*** Information shown ***

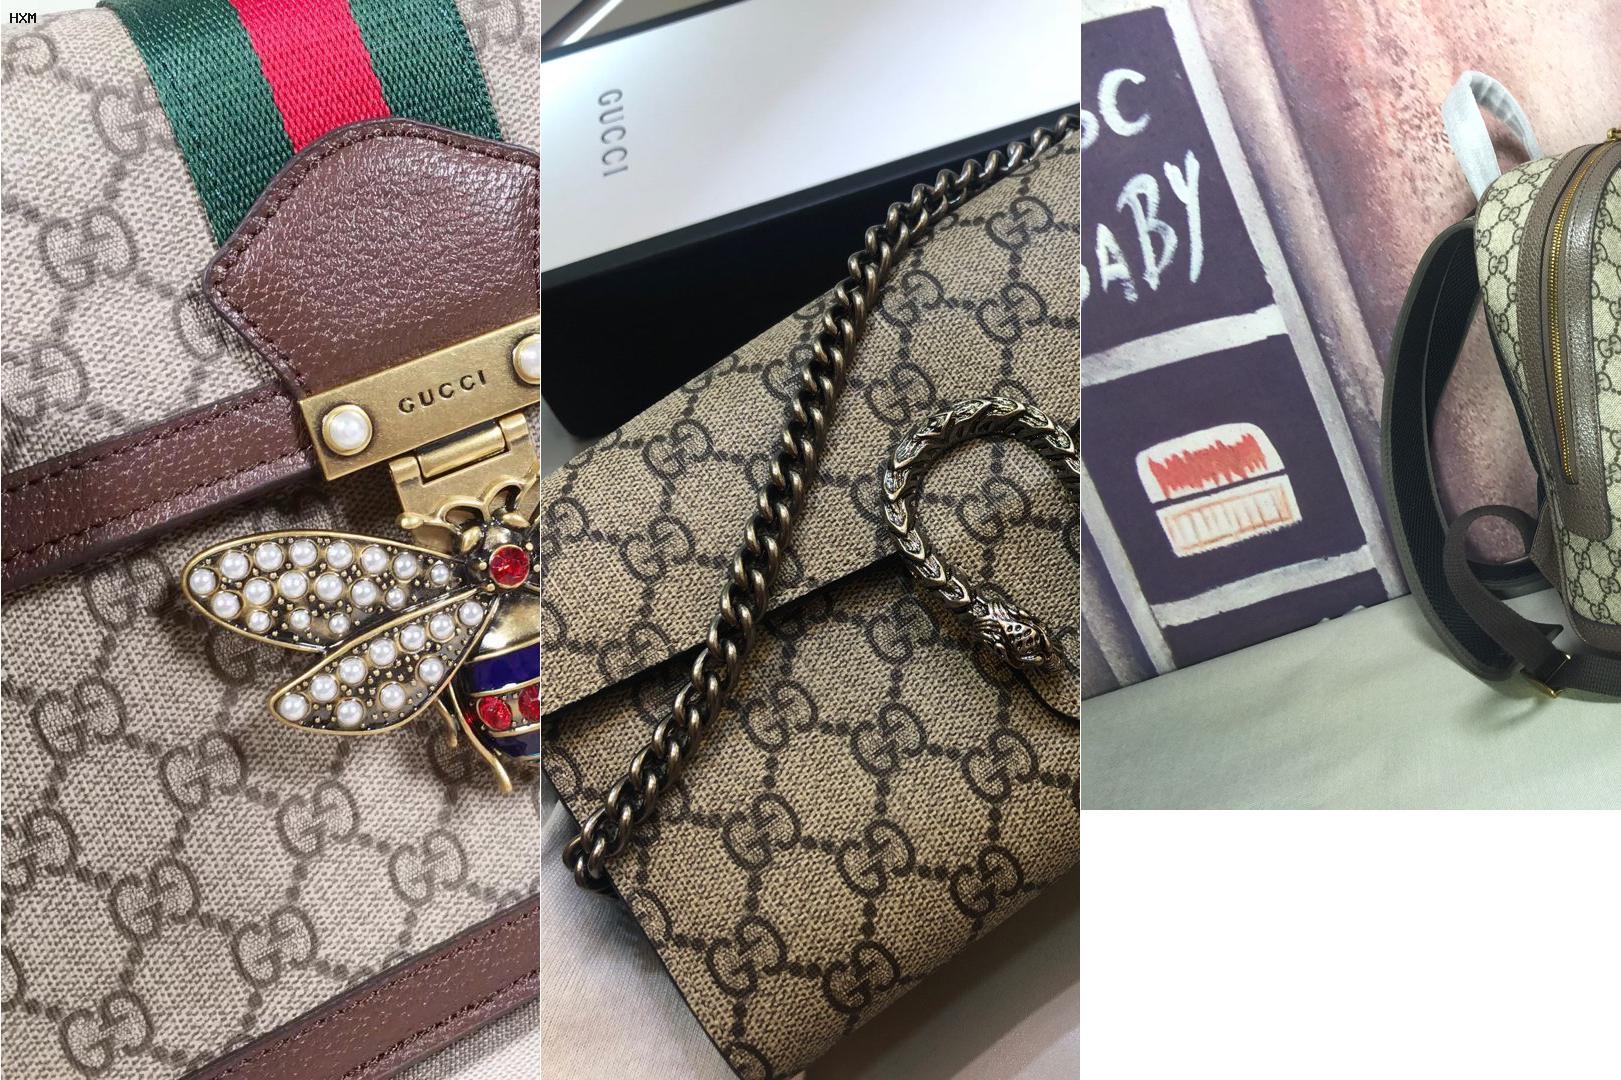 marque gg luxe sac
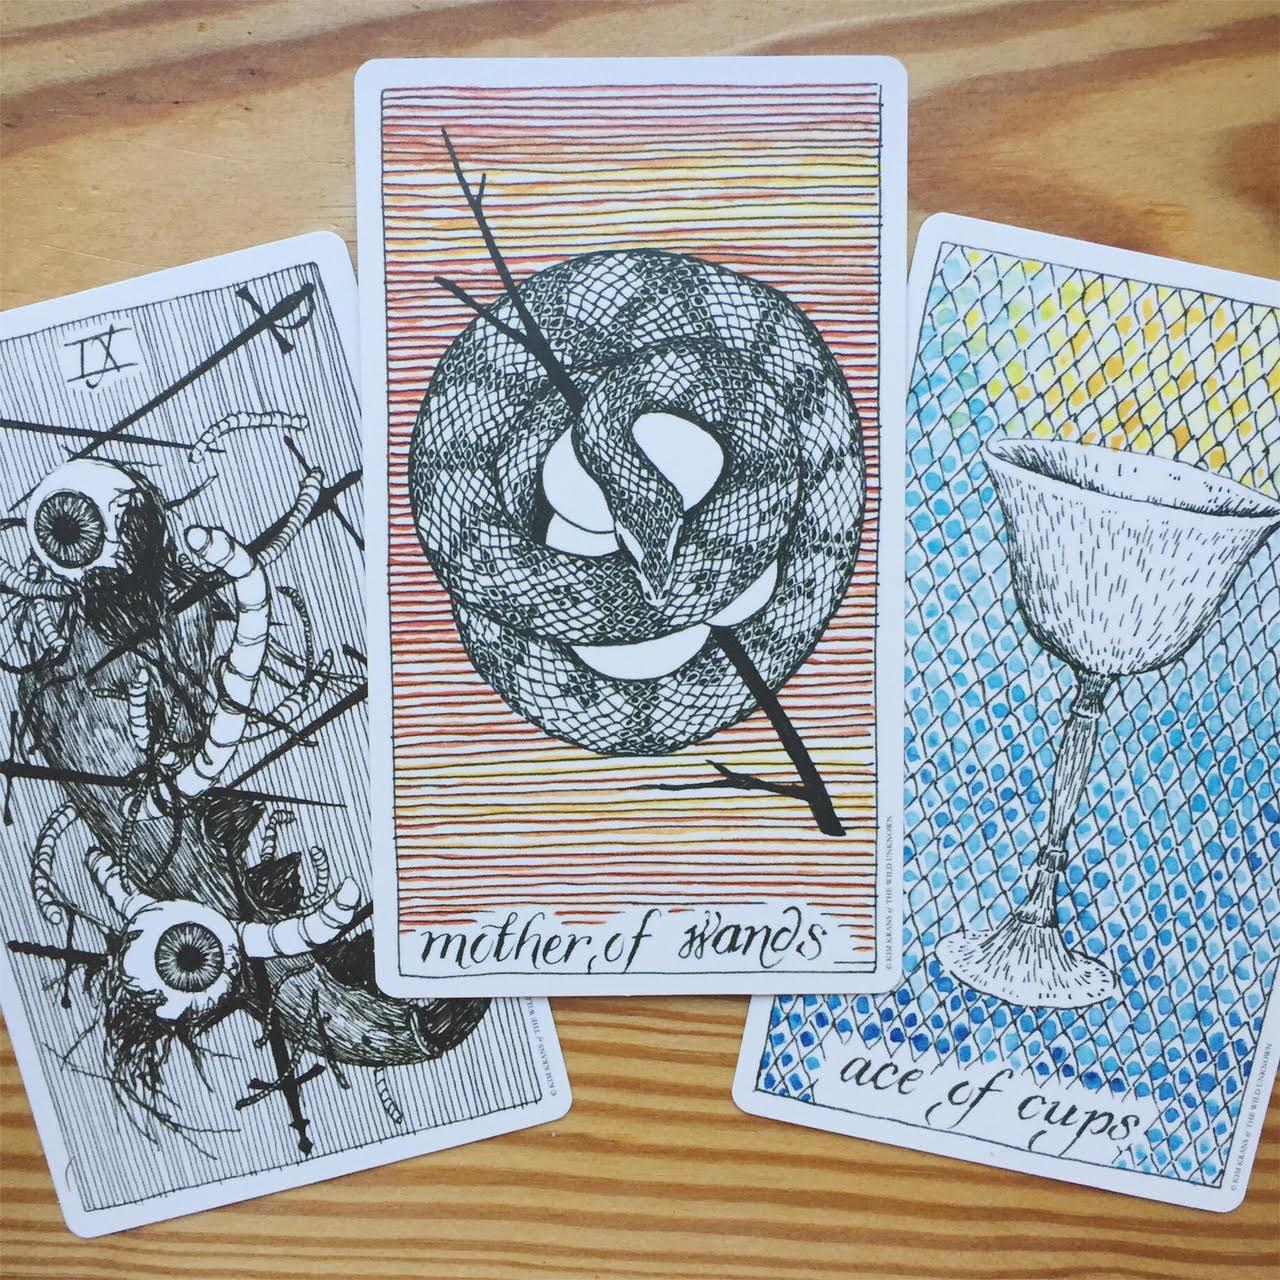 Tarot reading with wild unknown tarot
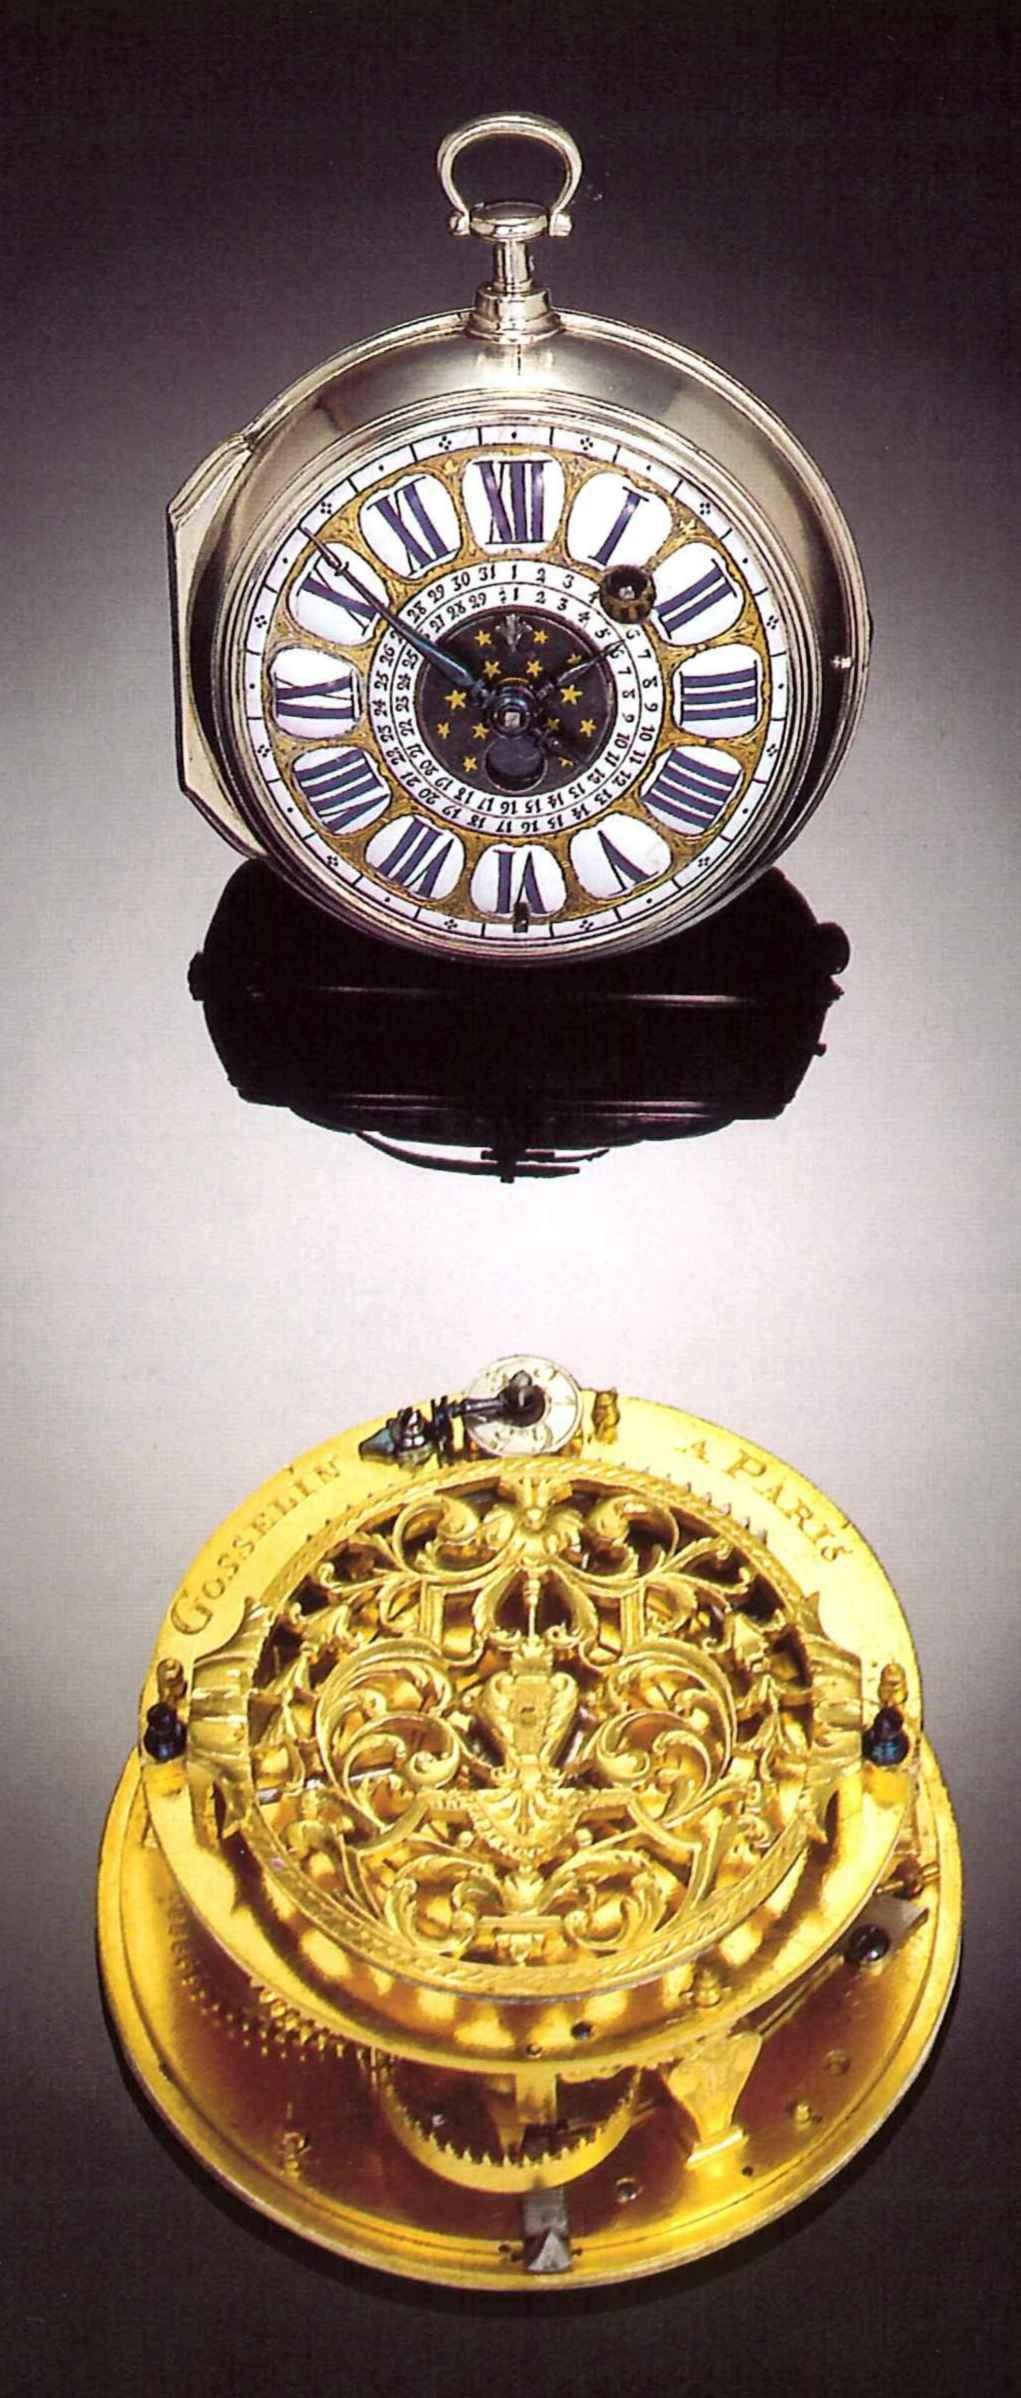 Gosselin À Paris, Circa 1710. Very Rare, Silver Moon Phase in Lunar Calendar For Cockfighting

*** End of Information shown ***

Required action:
Leave out all pictures, then copy the remaining material exactly.

Result for this task:
 marque gg luxe sac
 Tarot reading with wild unknown tarot
 Gosselin À Paris, Circa 1710. Very Rare, Silver Moon Phase in Lunar Calendar For Cockfighting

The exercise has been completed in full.